I don't know if it's possible for an unannounced project to become more unannounced, but if it is, that just happened.


Blizzard’s upcoming MMO project — known only by its codename ‘Titan’ — has been the subject of plenty of speculation and anticipation. Gamers may want to tamp down their anticipation, though, as it looks like we have one more hard fact to go on about the project today, and it’s not an encouraging one. According to VentureBeat, Blizzard has scrapped the all-star, 100-person-strong development team that was developing the game, reassigning more than 70 staff members to other projects while the remaining staff reboots ‘Titan’ from scratch.

The staff at Blizzard are known for playing their cards close to their vest on the progress of their games, and the company has been characteristically cagey about the upcoming MMO, refusing to name it publicly or set a release date, so everything we know comes from leaks and rumors (aka we don’t know anything, though we remain, like, super curious) that are about as reliable as leaks and rumors.

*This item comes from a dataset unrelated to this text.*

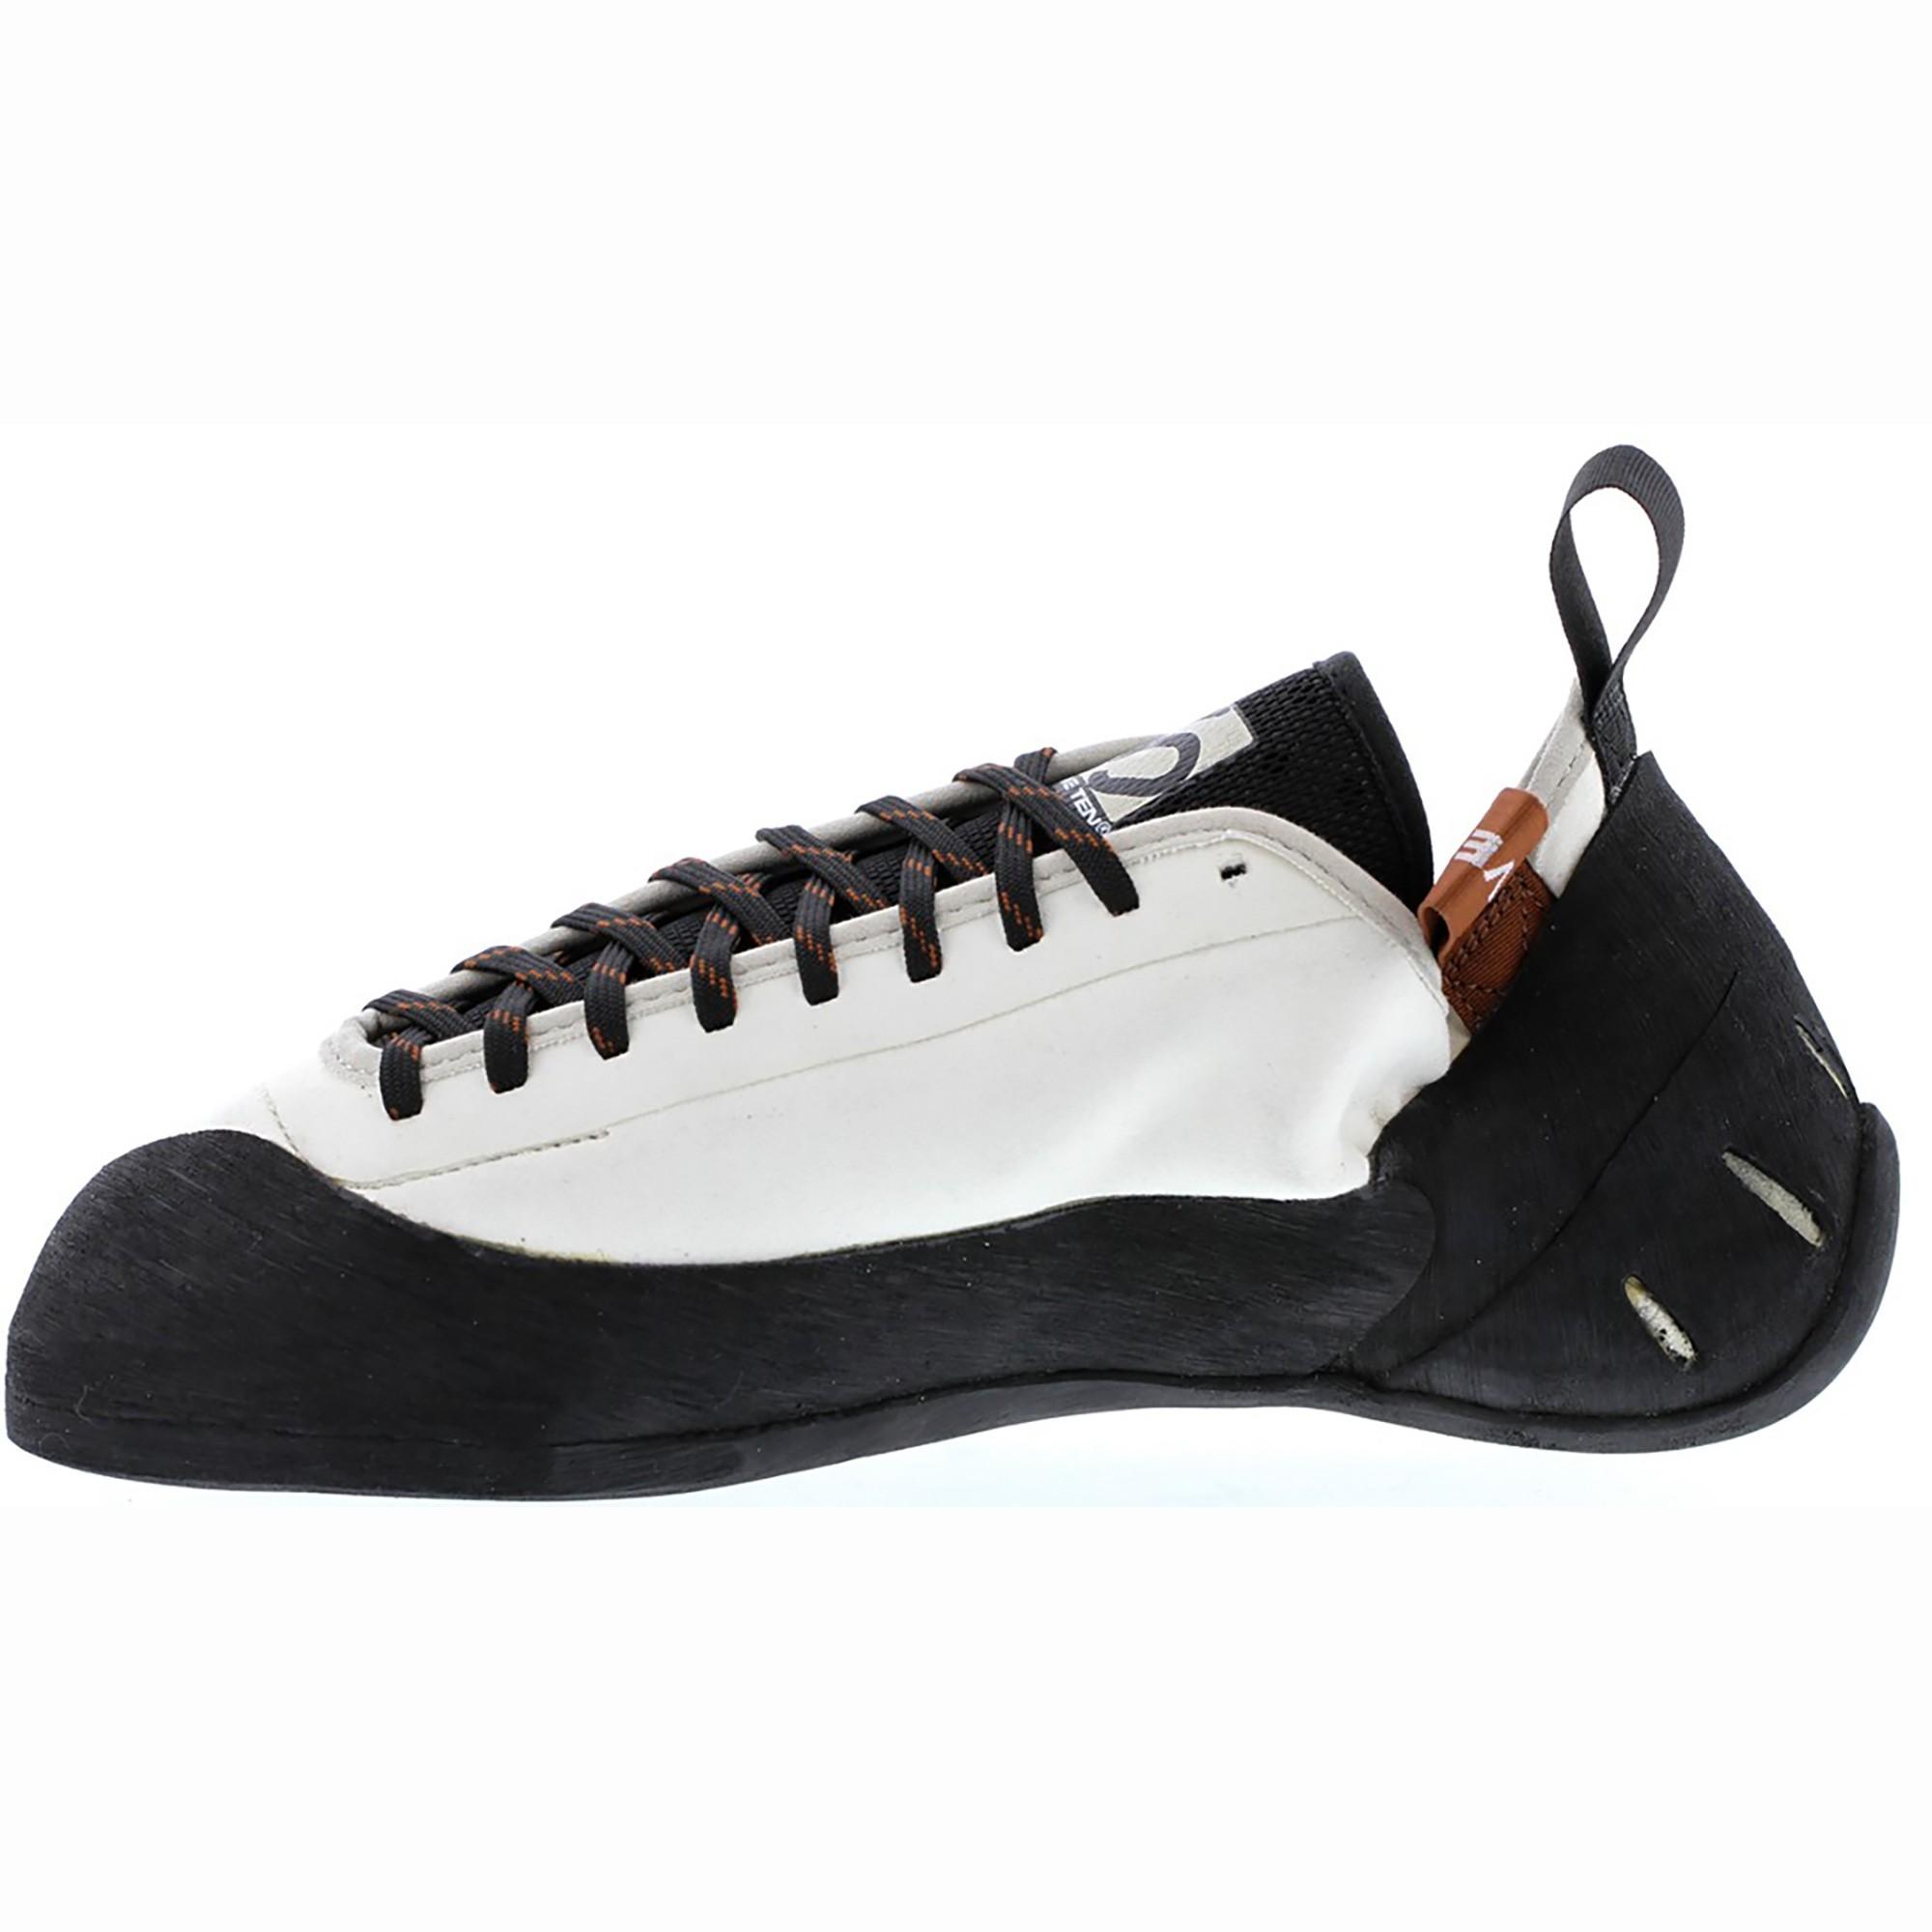 Five.Ten Anasazi Blanco Climbing Shoe - Chalk White -2
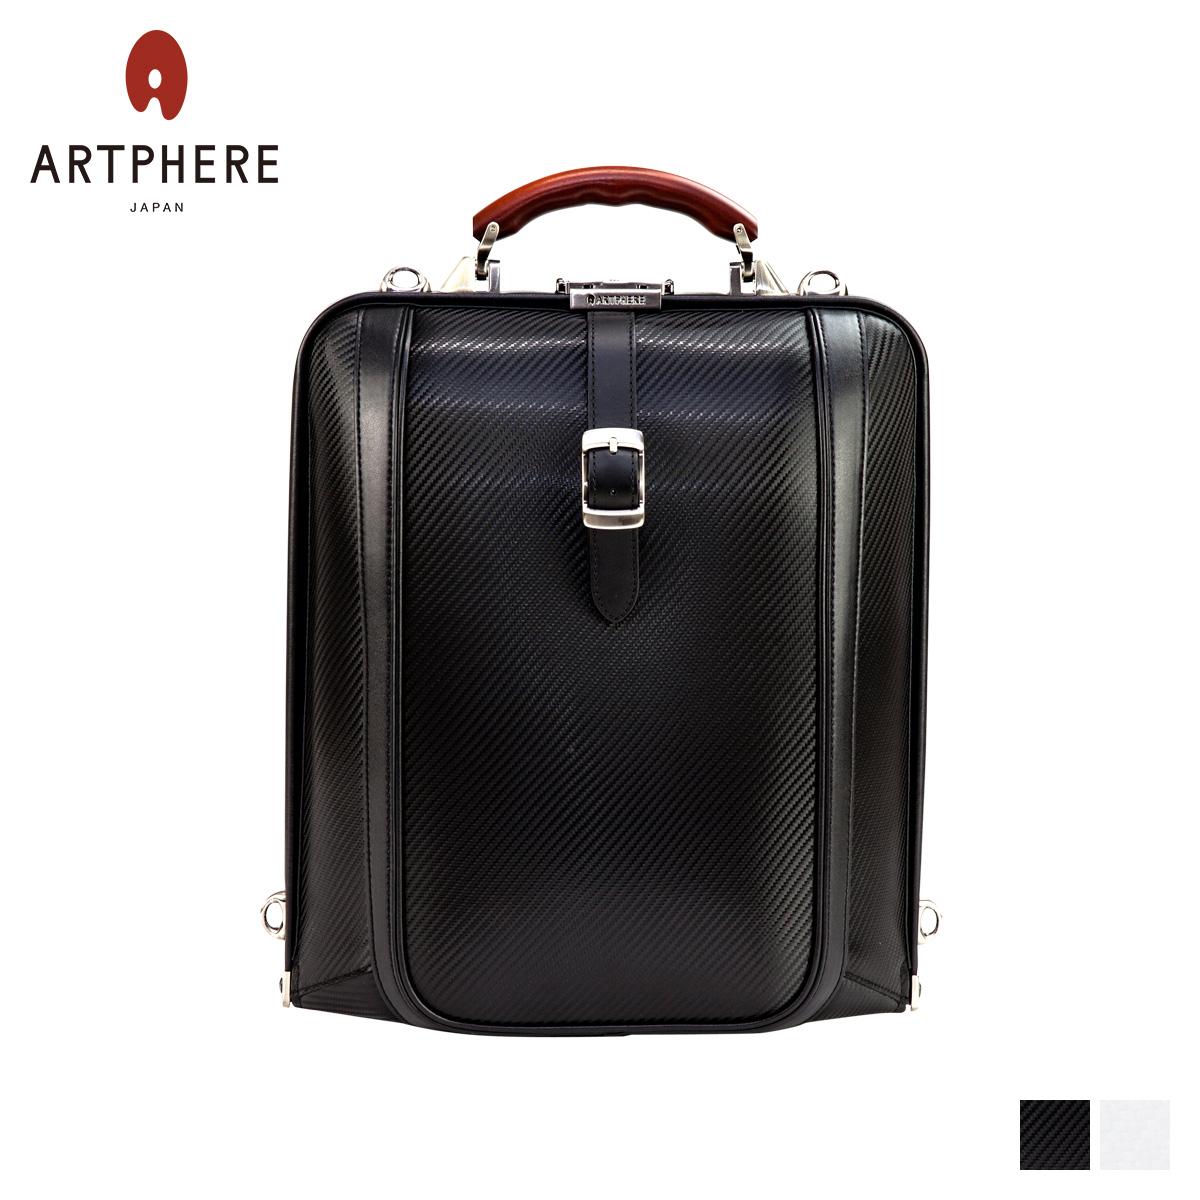 ARTPHERE アートフィアー リュック バッグ ビジネスバッグ バックパック ブリーフケース ニューダレス タッチ メンズ 3WAY NEW DULLES TOUCH ブラック ホワイト 黒 白 DS4-TE

Of course, it’s not unheard of for a company to do a little unofficial information release to help manage expectations. And since plenty of folks were expecting to see fairly significant news about ‘Titan’ at BlizzCon this fall — which isn’t unfair, given how long the company has been toiling in obscurity of this one — this could be an early sign from the company not to count on seeing those screenshots many of us have been hoping for. In a statement to VentureBeat, Blizzard spokseperson Shon Damron said:

We’ve come to a point where we need to make some large design and technology changes to the game. We’re using this opportunity to shift some of our resources to assist with other projects while the core team adapts our technology and tools to accommodate these new changes. Note that we haven’t announced any dates for the MMO.

Translated from press person, that reads very simply: fans who have been waiting for news on the next bullet in Blizzard’s gun — which has been in development since at least 2011 — probably shouldn’t hold their breath.